Exercise brief — In the listing that follows, the lines starting at the one containing "TSc-Ve2HDf - Уличная" and ending at the one containing "People enjoying a" are to be returned exactly, both boundary lines included, and no others.

Source data —
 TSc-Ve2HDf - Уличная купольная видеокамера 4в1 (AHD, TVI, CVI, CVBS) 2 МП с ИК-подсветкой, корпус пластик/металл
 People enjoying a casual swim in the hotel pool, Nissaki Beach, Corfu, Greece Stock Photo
==
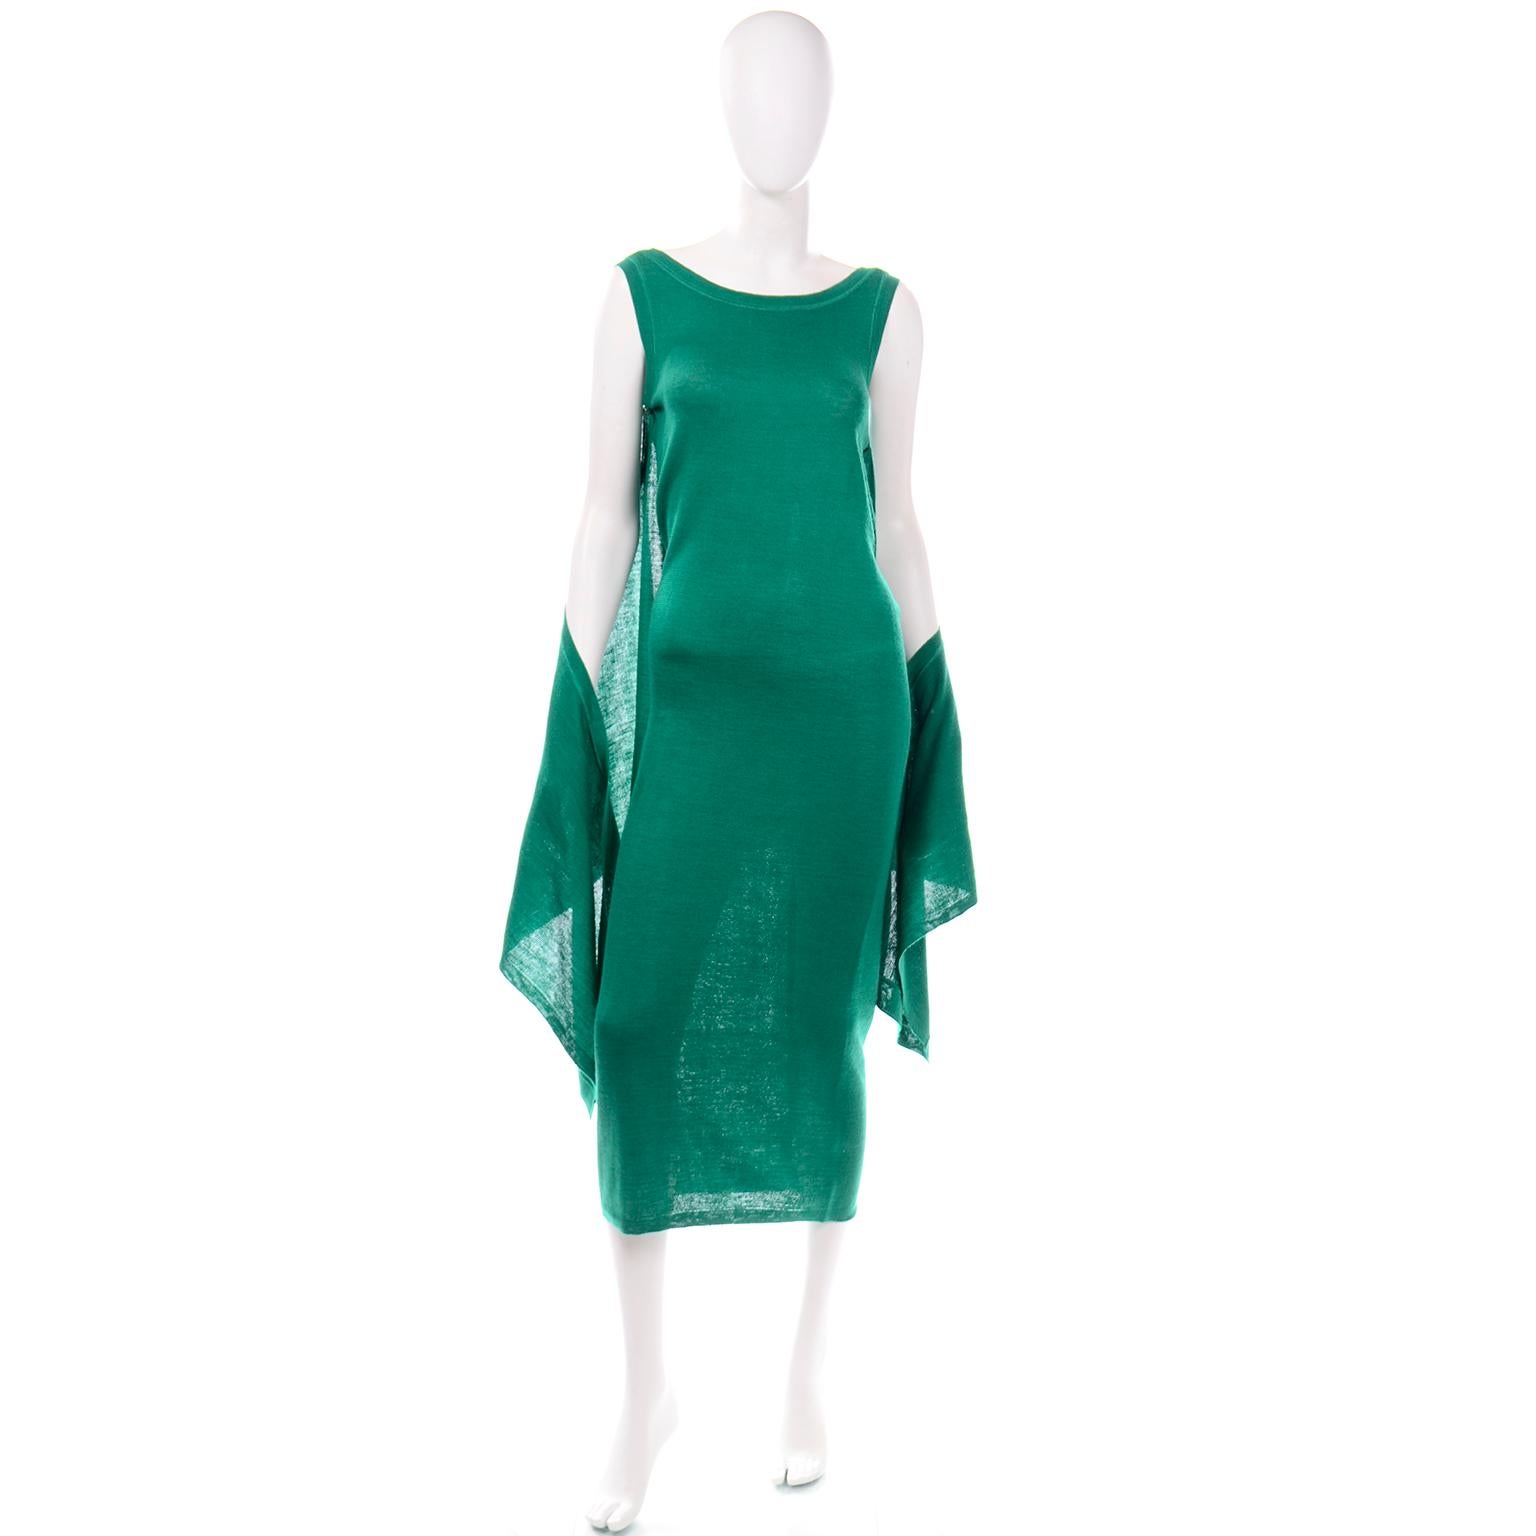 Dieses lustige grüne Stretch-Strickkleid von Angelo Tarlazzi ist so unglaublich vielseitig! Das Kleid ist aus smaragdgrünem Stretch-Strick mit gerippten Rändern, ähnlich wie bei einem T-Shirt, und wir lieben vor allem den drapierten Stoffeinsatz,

The answer —
 TSc-Ve2HDf - Уличная купольная видеокамера 4в1 (AHD, TVI, CVI, CVBS) 2 МП с ИК-подсветкой, корпус пластик/металл
 People enjoying a casual swim in the hotel pool, Nissaki Beach, Corfu, Greece Stock Photo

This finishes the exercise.